Kafka Learning: Installation of Kafka cluster under Centos

Last Update:2015-03-11 Source: Internet

Author: User

Developer on Alibaba Coud: Build your first app with APIs, SDKs, and tutorials on the Alibaba Cloud. Read more ＞

Kafka is a distributed MQ system developed and open sourced by LinkedIn and is now an incubation project of Apache.
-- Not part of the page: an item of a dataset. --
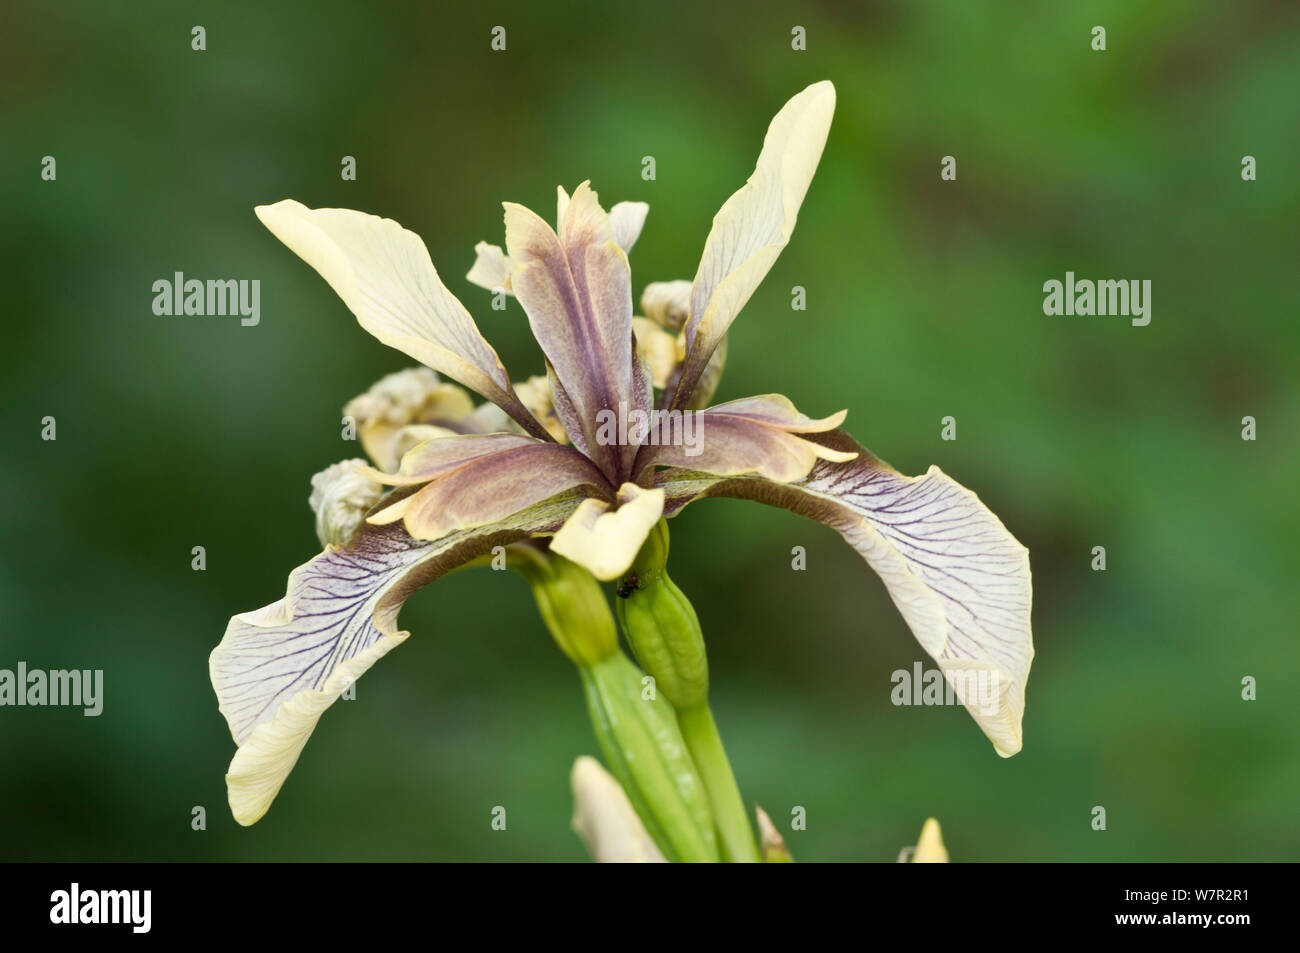 Iris puzzolente/Gladdon (Iris foetidissima) in fiore, Sugano, nei pressi di Orvieto, Umbria, Italia, Maggio Foto Stock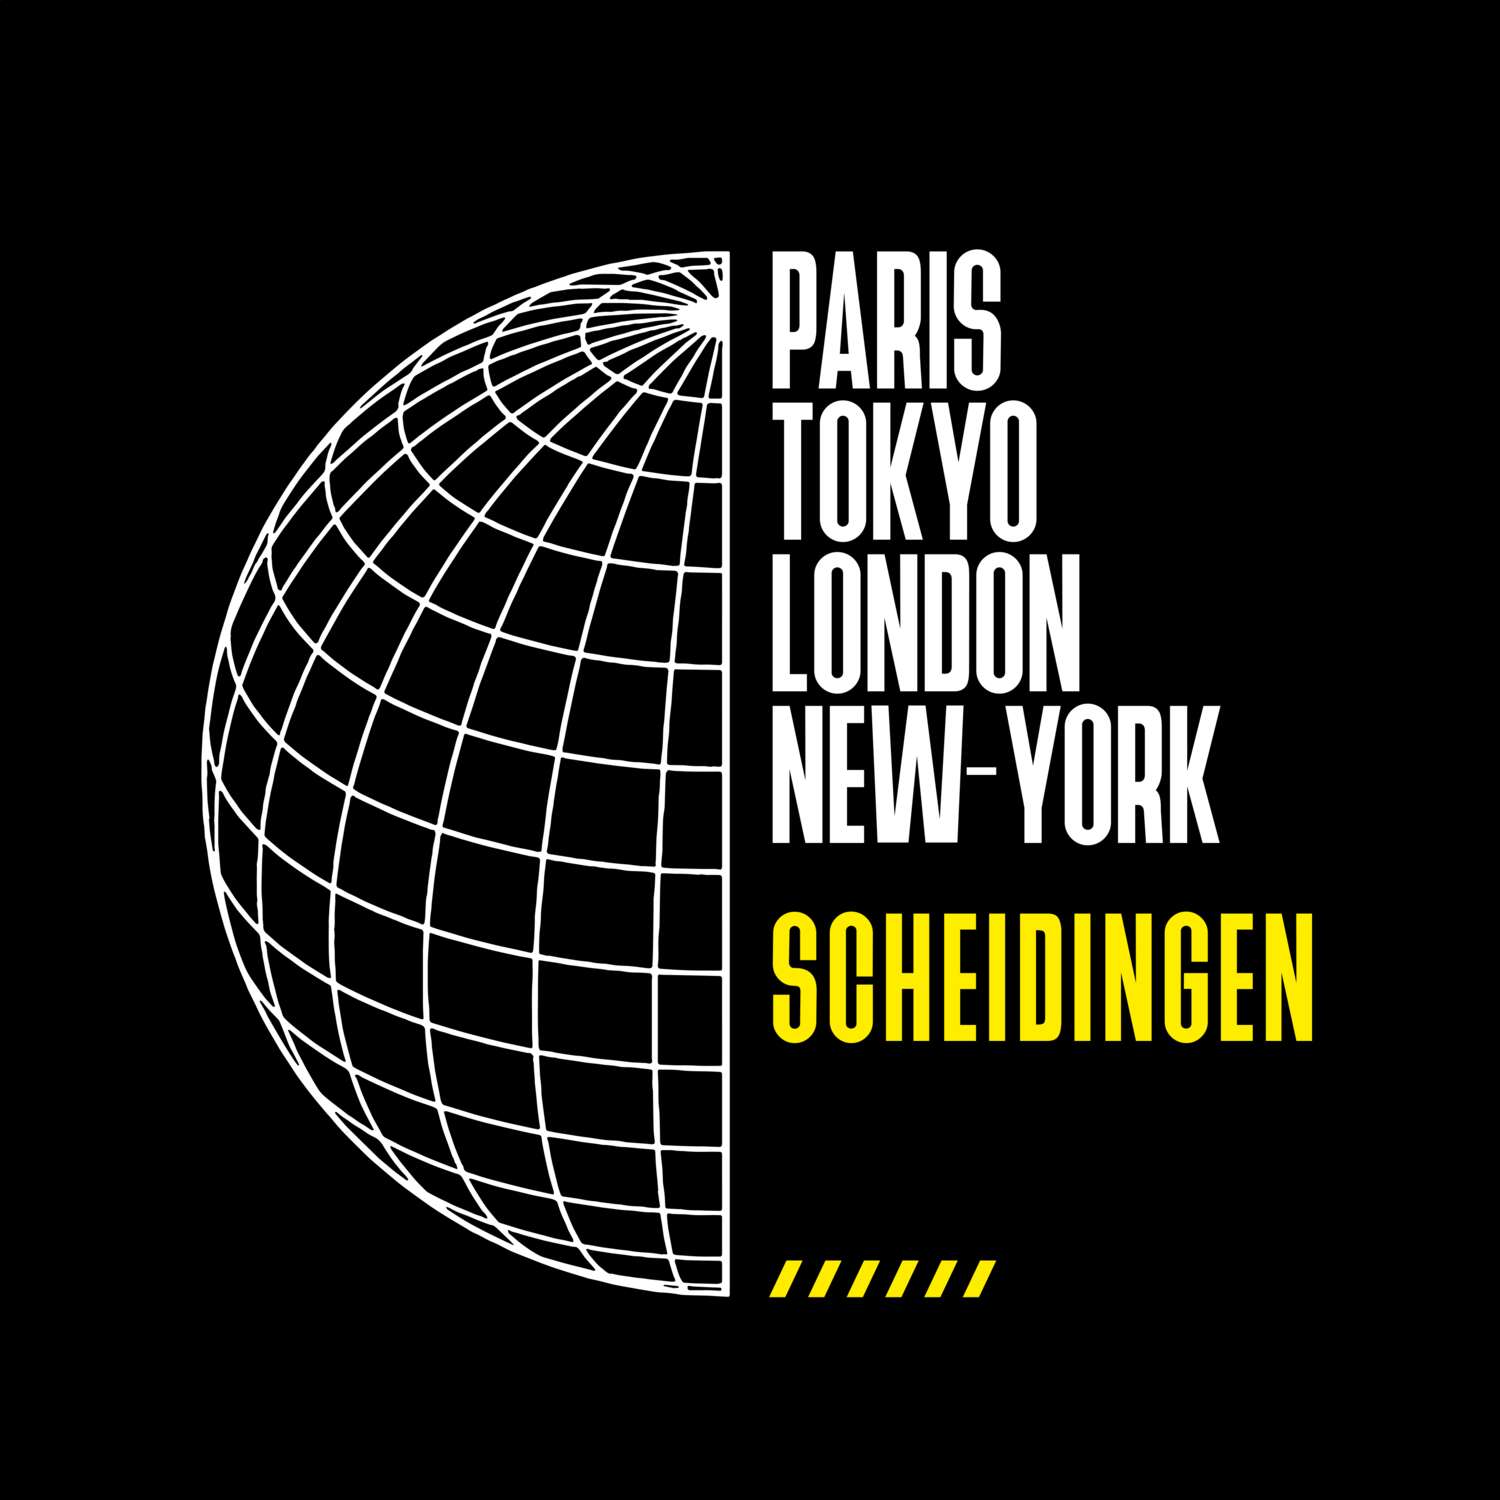 Scheidingen T-Shirt »Paris Tokyo London«

On its homepage, it describes kafka as a high-throughput distributed (which can distribute messages to different nodes) MQ. In this blog post, the author briefly mentions the reasons for developing kafka rather than choosing an existing MQ system. Two reasons: performance and scalability. Kafka is only written in 7000 lines of Scala. It is understood that Kafka can produce about 250,000 messages per second (50 MB) and process 550,000 messages per second (110 MB).

Preparation for installation
version
Kafka version: kafka_2.10-0.8.2.0

Zookeeper version: 3.4.6

Zookeeper cluster: hadoop104, hadoop107, hadoop108

For the construction of Zookeeper cluster, please refer to: Installing ZooKeeper Cluster on CentOS

Physical environment
Install two physical machines:

192.168.40.104 hadoop104 (running 3 brokers)

192.148.40.105 hadoop105 (run 2 brokers)

The creation of the cluster is mainly divided into three steps, single node single broker, single node multiple broker, multiple node multiple broker

Single node single broker
This section takes the creation of a broker on hadoop104 as an example

Download kafka

Download path: http://kafka.apache.org/downloads.html

#tar -xvf kafka_2.10-0.8.2.0.tgz
# cd kafka_2.10-0.8.2.0
Configuration
Modify config / server.properties

broker.id = 1
port = 9092
host.name = hadoop104
socket.send.buffer.bytes = 1048576
socket.receive.buffer.bytes = 1048576
socket.request.max.bytes = 104857600
log.dir =. / kafka1-logs
num.partitions = 10
zookeeper.connect = hadoop107: 2181, hadoop104: 2181, hadoop108: 2181

Start Kafka service

# bin / kafka-server-start.sh config / server.properties

Create Topic

# bin / kafka-topics.sh --create --zookeeper hadoop107: 2181, hadoop104: 2181, hadoop108: 2181 --replication-factor 1 --partitions 1 --topic test
View Topic

# bin / kafka-topics.sh --list --zookeeper hadoop107: 2181, hadoop104: 2181, hadoop108: 2181
Output:

Producer sends a message

# bin / kafka-console-producer.sh --broker-list localhost: 9092 --topic test

consumer receives the message

# bin / kafka-console-consumer.sh --zookeeper hadoop107: 2181, hadoop104: 2181, hadoop108: 2181 --topic test --from-beginning

If you want the latest data, you can do without the --from-beginning parameter.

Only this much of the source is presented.